I'm curious if the same drawback mentioned for shared applies to unified
> A side effect of this is that when some RAM is allocated for graphics, it becomes effectively unavailable for anything else, so an example computer with 512 MiB RAM set up with 64 MiB graphics RAM will appear to the operating system and user to only have 448 MiB RAM installed.
Mixing tracing GC with other forms of memory is an open research project. Doesn't mean it hasn't been "done", for example Google has talked about getting their GCs to interop in Chrome, but it's (a) really hard and (b) so far results are, at best, "mixed".
Let's see Swift when catches up with .NET 5 improvements.
Apple's talk about RC over GC is just marketing speak for the failure to have a tracing GC in Objective-C that wouldn't crash left and right when integrated with C like code.
It was a very sound decision given Cocoa semantics, and the difficulty to make anything written in C not to fall apart with segfaults, but lets not oversell it.

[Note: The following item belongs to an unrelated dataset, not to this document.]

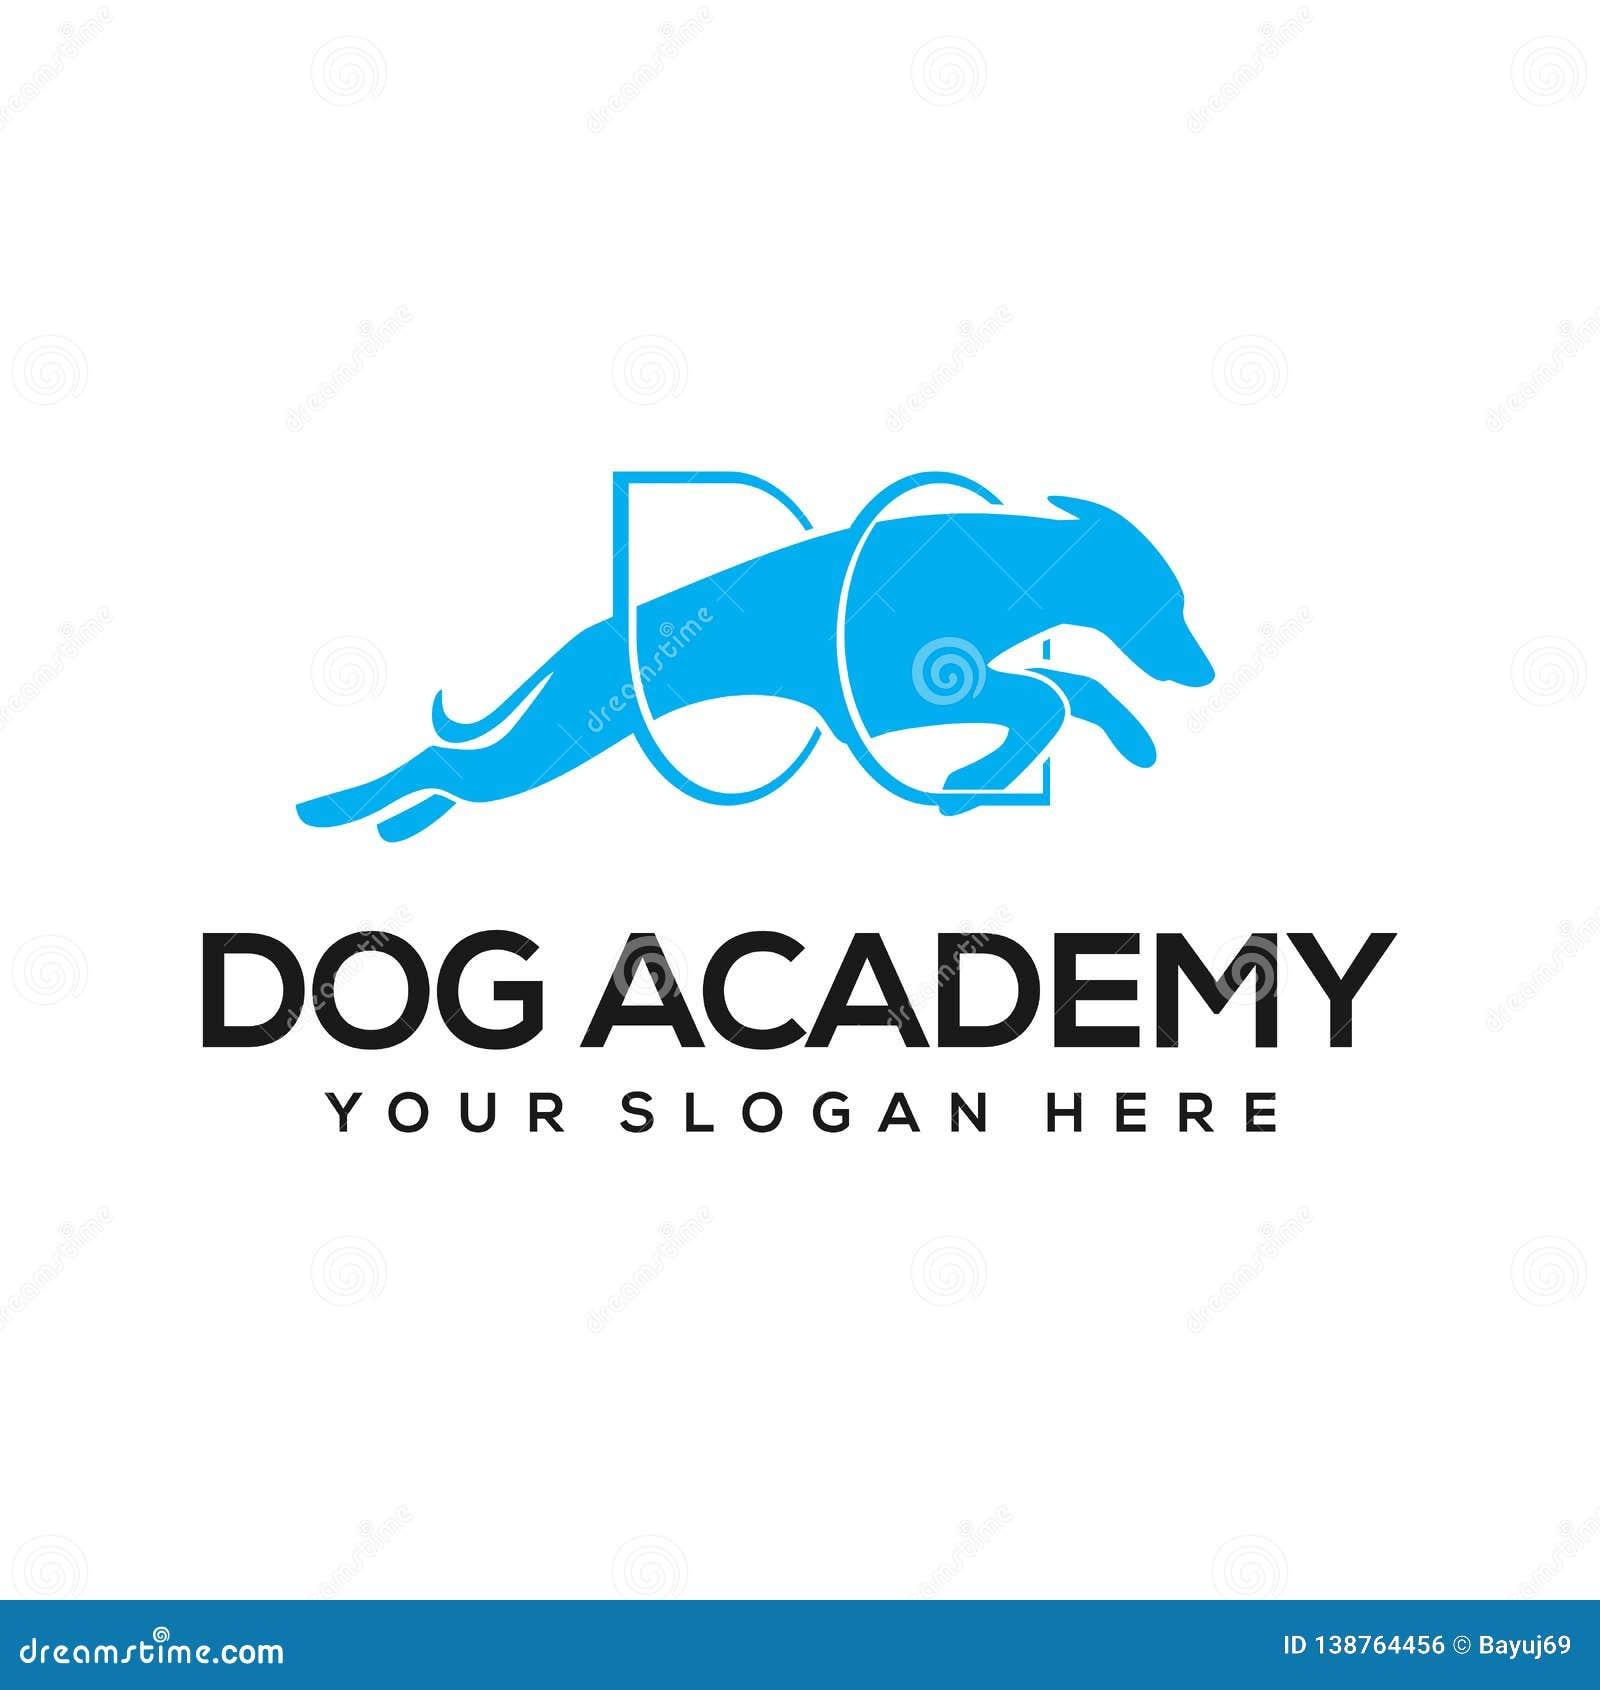 Dog academy logo design inspiration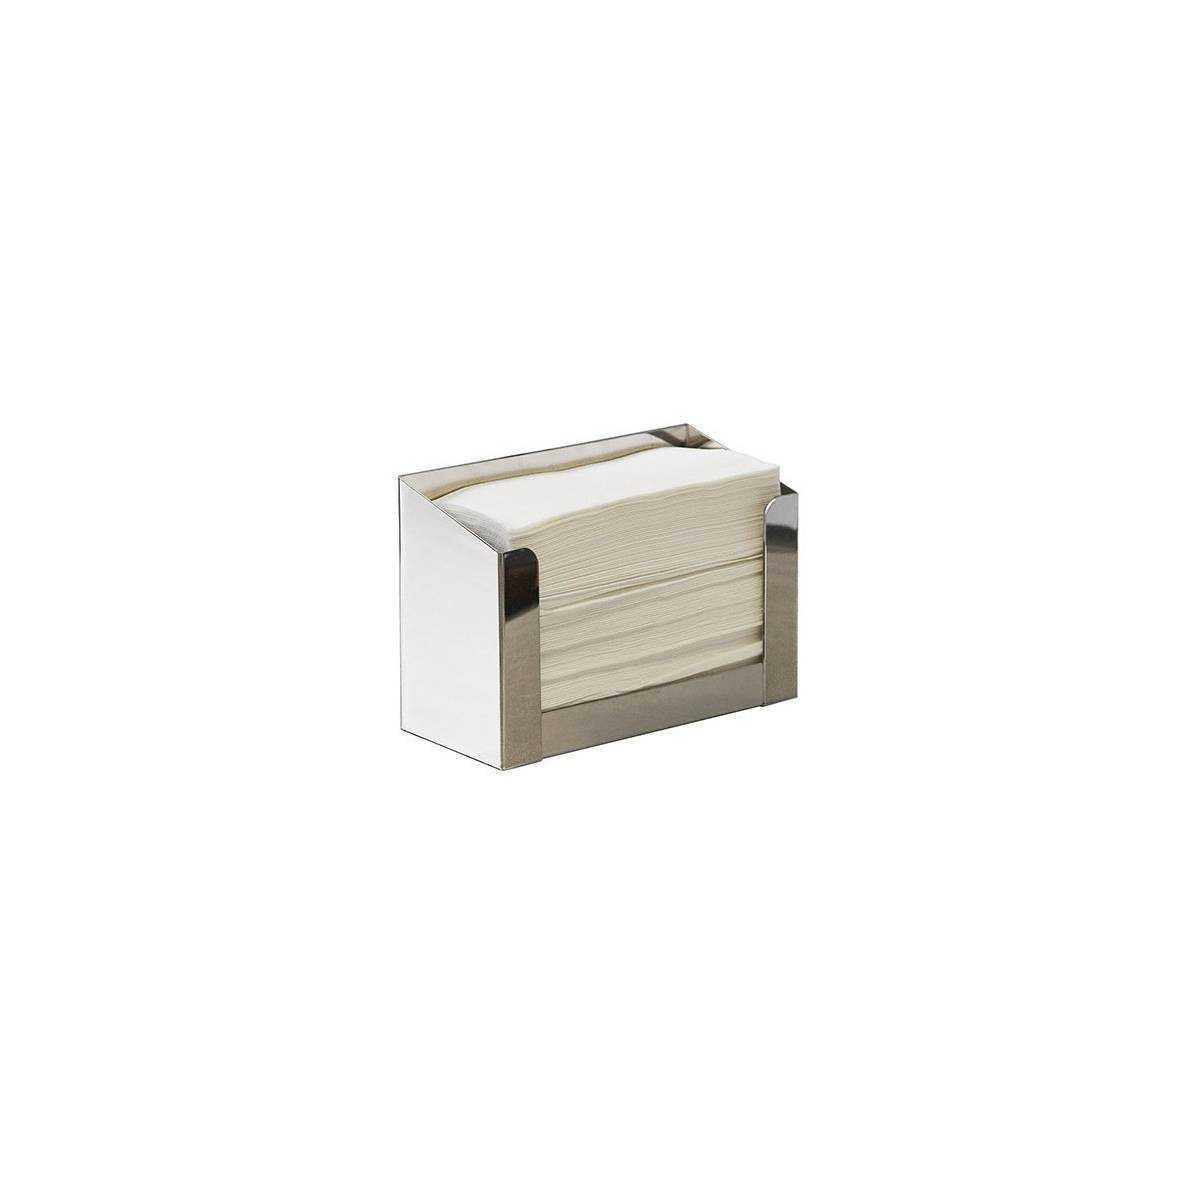 Держатель бумажных полотенец в пачках E-LINE (E 701C) E 701C Атма

Likewise Swift RC makes sense from having to integrate with Objective-C runtime and existing ecosystem, but again that is all about it.
There is no RC implementation with comparable performance to tracing GC languages that isn't just yet another tracing GC from the amount of runtime support needed to make it actually fast.
And once again, tracing GCs do well in microbenchmarks where you only check the cost of local operations. They are horrible when you take the global effects into account, with those local/benchmarking advantages not translating into real world use.
No we don't agree, unless you can make a point on how D, Active Oberon, Go, Modula-3, Eiffel, .NET, Nim, among several others, integration of tracing GC alongside stack, global and off heap memory allocation happens to be a research project.
But all of these performance measurements won't matter if users don't actually own their devices; without being able to run applications without Apple's permission and knowledge, these devices should be ignored by many privacy-conscious computer scientists from the get-go.
Is it as fast as having more DRAM in all possible scenarios? No, but with good memory management the real world performance might very well be identical to a system with the same capabilities and even greater than traditional memory systems with larger non-unified pools.